Calculate partial derivatives as shown in $(8)$:

\[ \frac{\partial \mathcal{L} }{ \partial W } = \frac{1}{m}\left(A - Y\right)X^T \]

\[ \frac{\partial \mathcal{L} }{ \partial b } = \frac{1}{m}\left(A - Y\right)\mathbf{1}. \]

def backward_propagation(A, X, Y):
    """
    Implements the backward propagation, calculating gradients
    
    Arguments:
    A -- the output of the neural network of shape (n_y, number of examples)
    X -- input data of shape (n_x, number of examples)
    Y -- "true" labels vector of shape (n_y, number of examples)
    
    Returns:
    grads -- python dictionary containing gradients with respect to different parameters
    """
    m = X.shape[1]
    
    # Backward propagation: calculate partial derivatives denoted as dW, db for simplicity. 
    dZ = A - Y
    dW = 1/m * (dZ @ X.T)
    db = 1/m * np.sum(dZ, axis = 1, keepdims = True)
    
    grads = {"dW": dW,
             "db": db}
    
    return grads

grads = backward_propagation(A, X, Y)

print("dW = " + str(grads["dW"]))
print("db = " + str(grads["db"]))

Update parameters as shown in $(9)$:

\[ W = W - \alpha \frac{\partial \mathcal{L} }{ \partial W } \]

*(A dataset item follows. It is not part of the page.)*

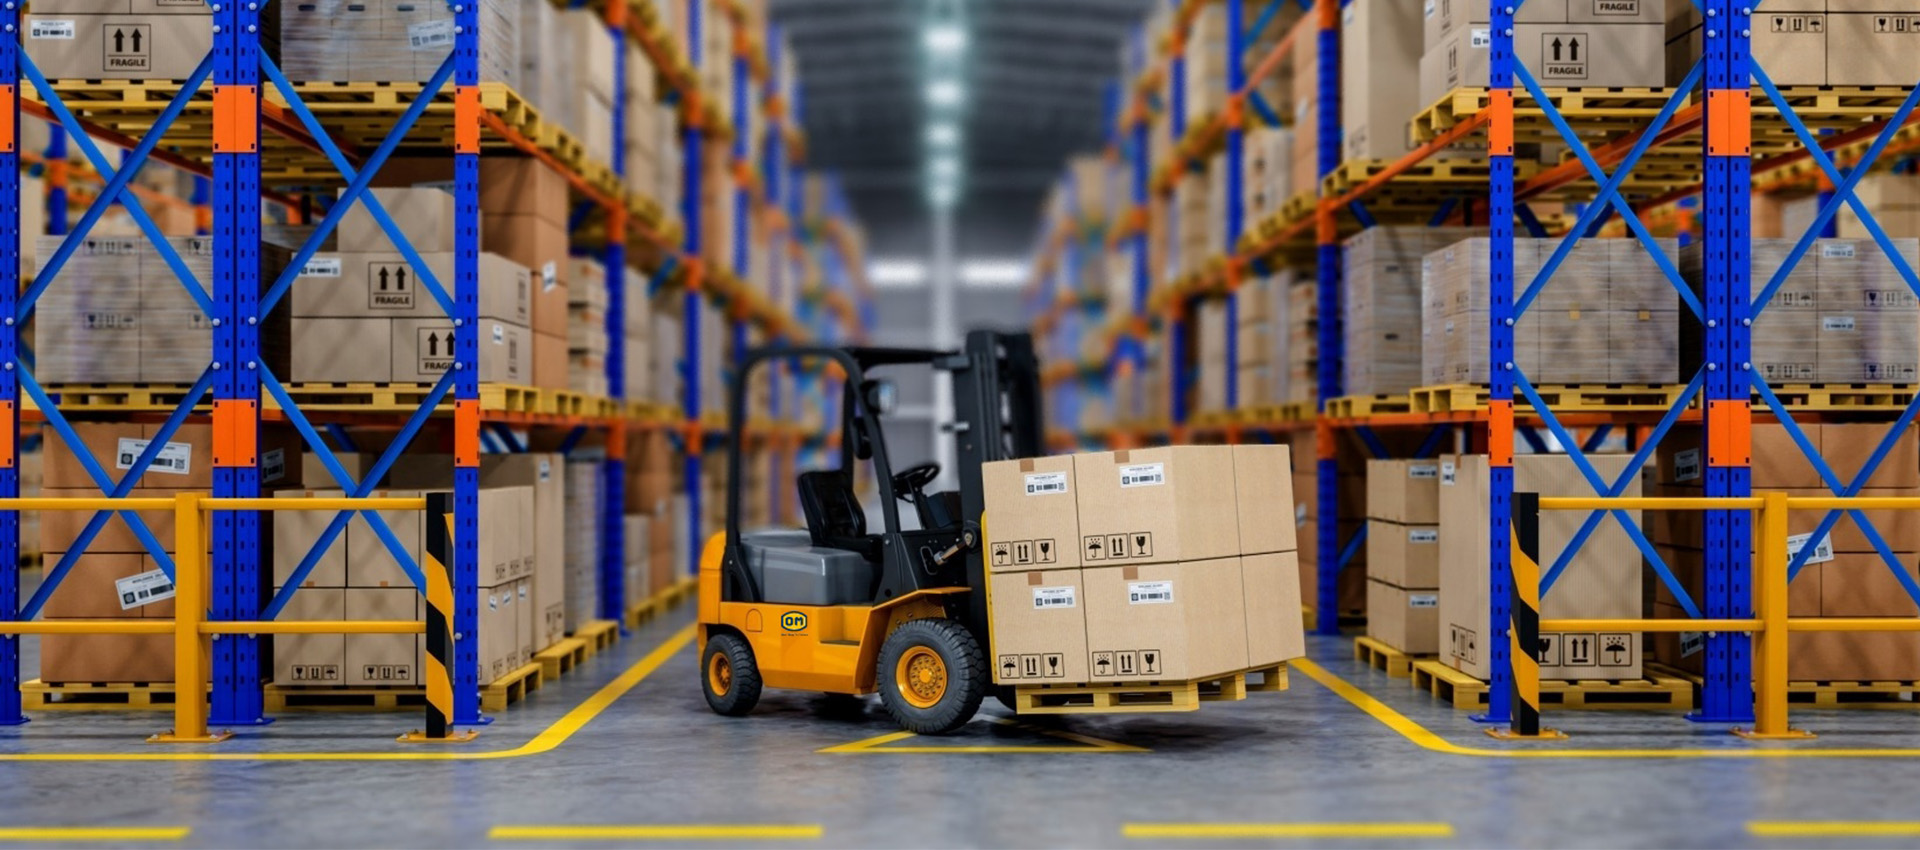 Forklifts solutions that will lift productivity level at your storage facility.

\[ b = b - \alpha \frac{\partial \mathcal{L} }{ \partial b }. \]

def update_parameters(parameters, grads, learning_rate=1.2):
    """
    Updates parameters using the gradient descent update rule
    
    Arguments:
    parameters -- python dictionary containing parameters 
    grads -- python dictionary containing gradients 
    learning_rate -- learning rate parameter for gradient descent
    
    Returns:
    parameters -- python dictionary containing updated parameters 
    """
    # Retrieve each parameter from the dictionary "parameters".
    W = parameters["W"]
    b = parameters["b"]
    
    # Retrieve each gradient from the dictionary "grads".
    dW = grads["dW"]
    db = grads["db"]
    
    # Update rule for each parameter.
    W = W - learning_rate * dW
    b = b - learning_rate * db
    
    parameters = {"W": W,
                  "b": b}
    
    return parameters

parameters_updated = update_parameters(parameters, grads)

print("W updated = " + str(parameters_updated["W"]))
print("b updated = " + str(parameters_updated["b"]))

Build your neural network model in nn_model().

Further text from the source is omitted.